Est-ce que l'Iran était tout près de fabriquer la bombe atomique, ce qui a été le motif de déclenchement de la guerre par Israël ?

L'Iran avait du matériel en quantité suffisante pour en produire, peut-être une bonne dizaine ou un peu moins. Et l'Iran avait des technologies et des développements liés. Mais on ne peut pas dire, je l'ai dit et je le répète, l'Iran n'avait pas l'arme nucléaire.

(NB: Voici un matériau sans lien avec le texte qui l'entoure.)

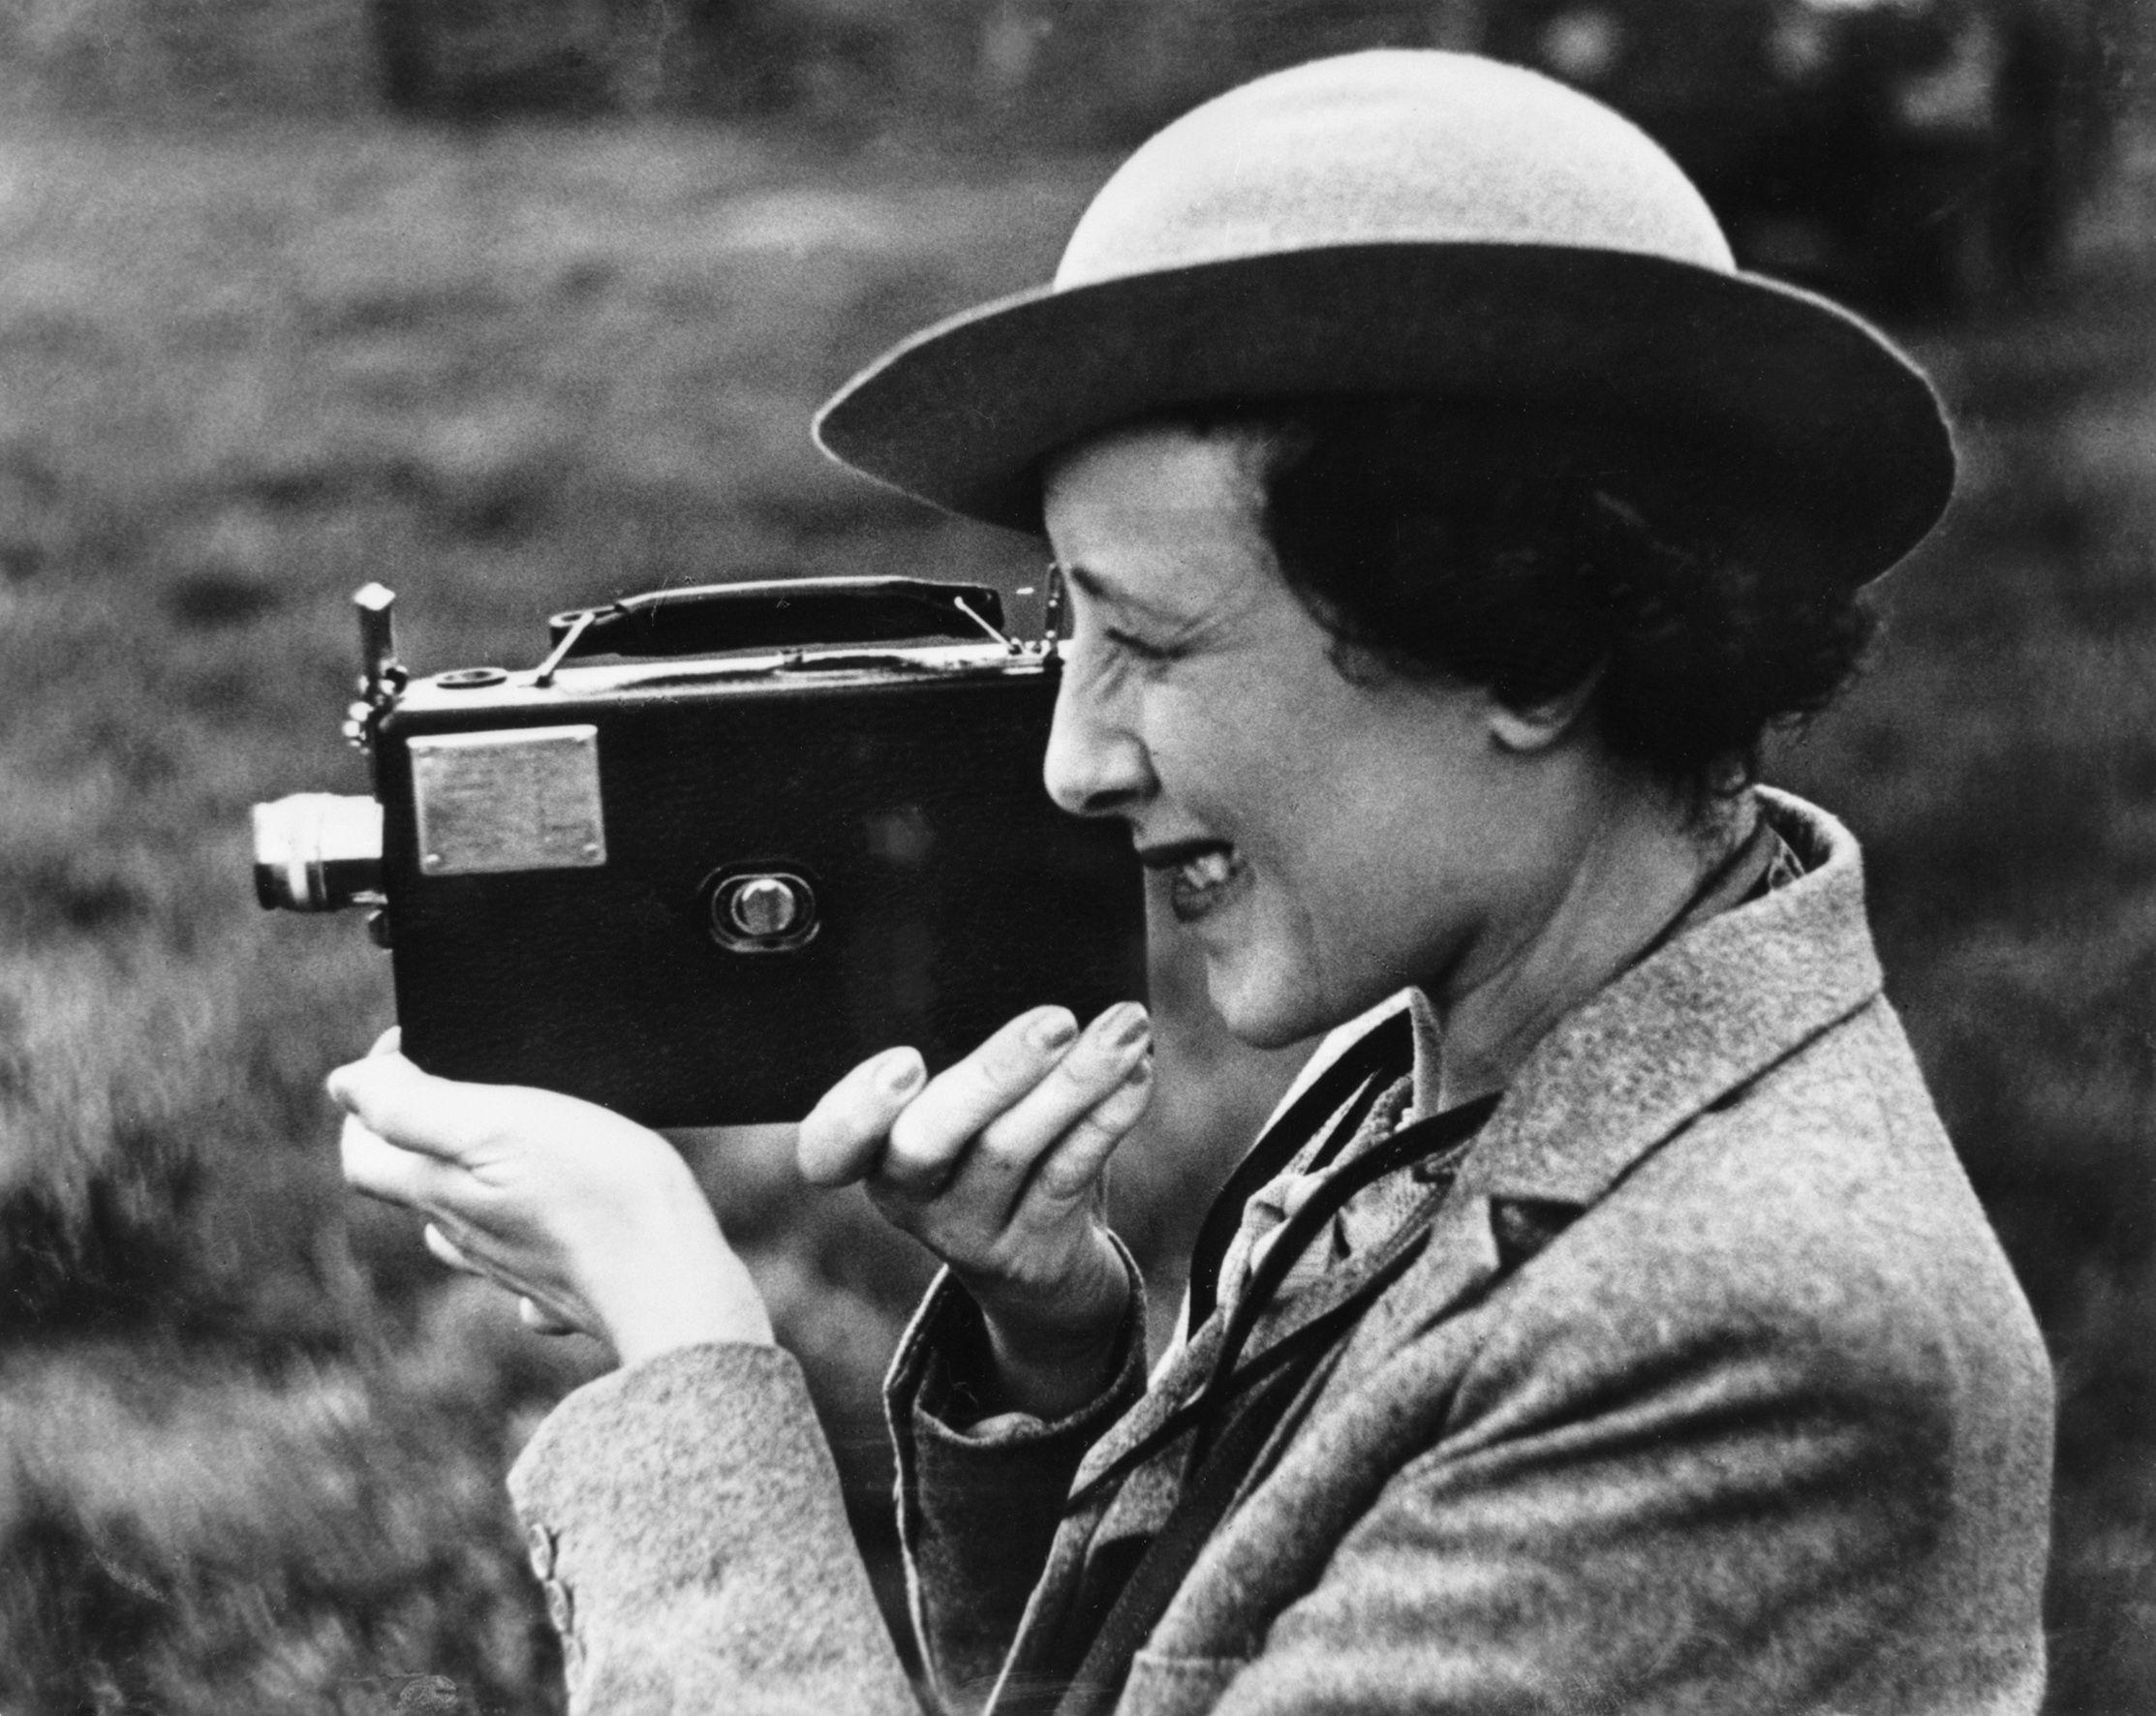 amateur film maker
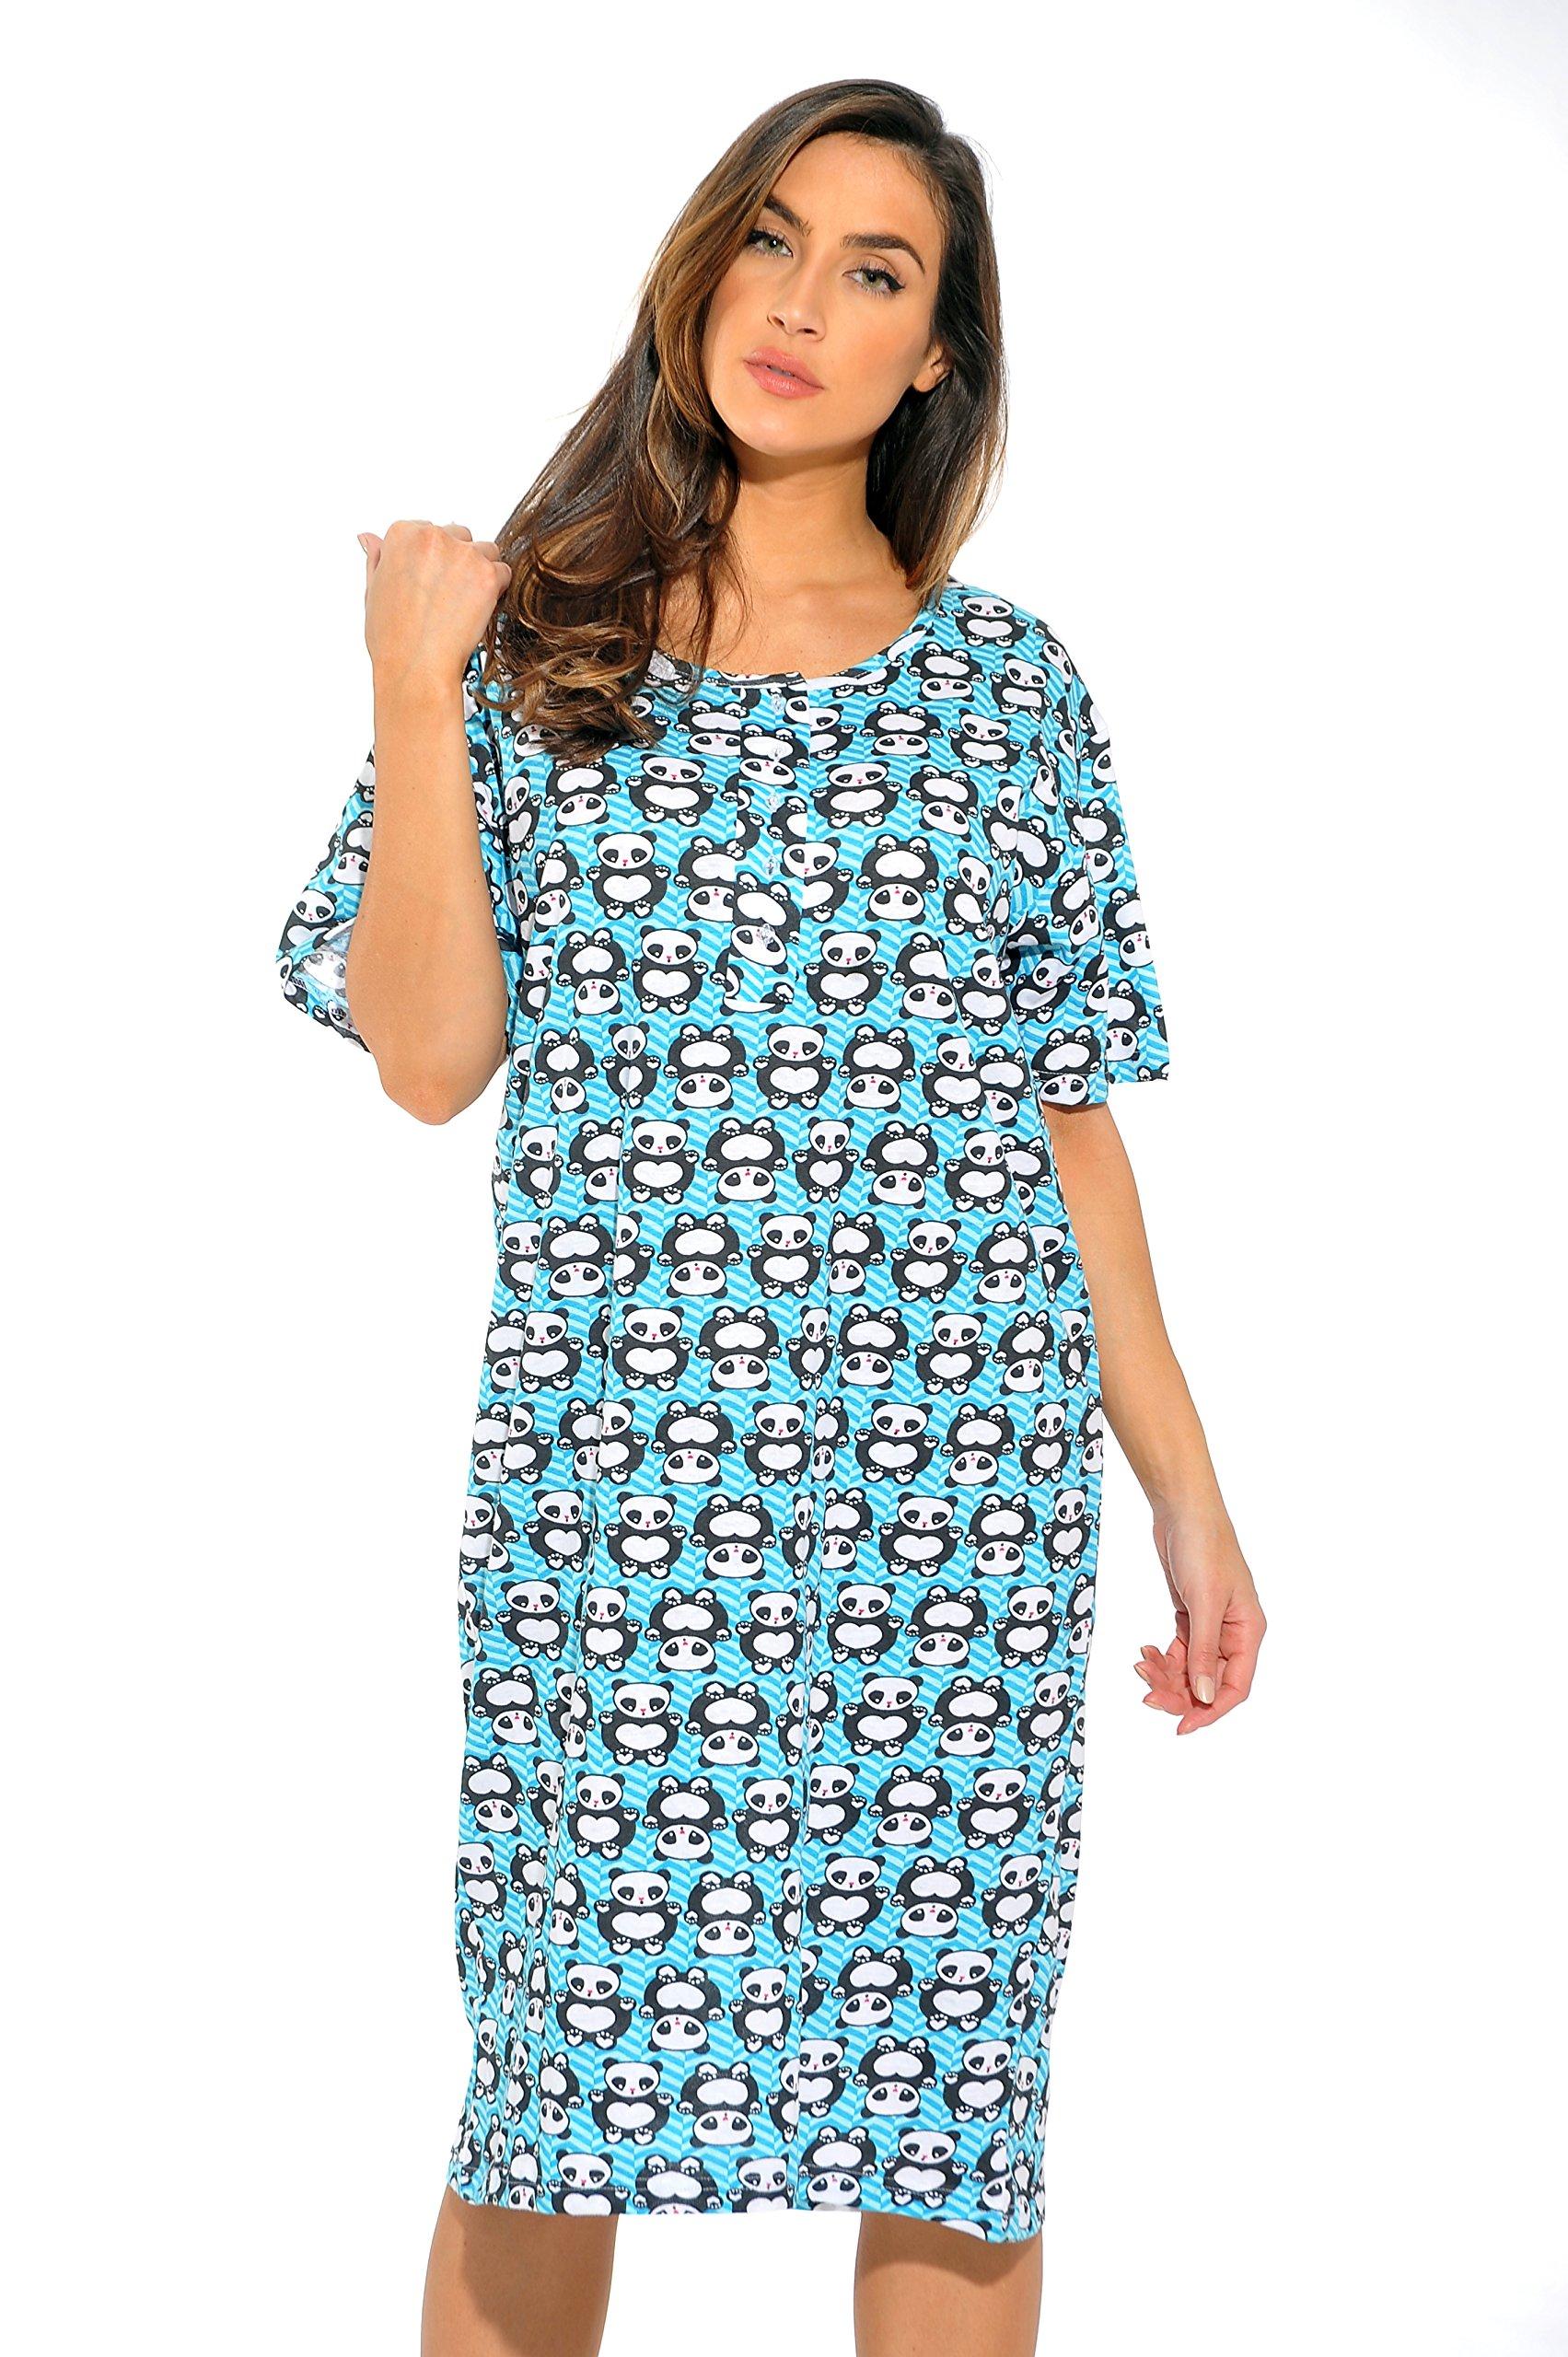 Just Love 4360-P-10067-S Short Sleeve Nightgown/Sleep Dress Women/Sleepwear

Donc cette guerre n'était pas utile ?

Ce n'est pas à moi de juger. Moi, je suis un homme de paix. Je crois que parler à travers les inspections de l'Agence internationale qui a été créée pour cela, on peut éviter ça. Après, les décisions politiques, ce sont les décisions politiques. Moi, je ne conteste pas et je préfère la paix.

Restez-vous optimiste ?

Un optimisme lucide et raisonnable.

Mais donc, est-il est possible que le dialogue et les inspections reprennent ?

Il est plus que possible. Il est indispensable.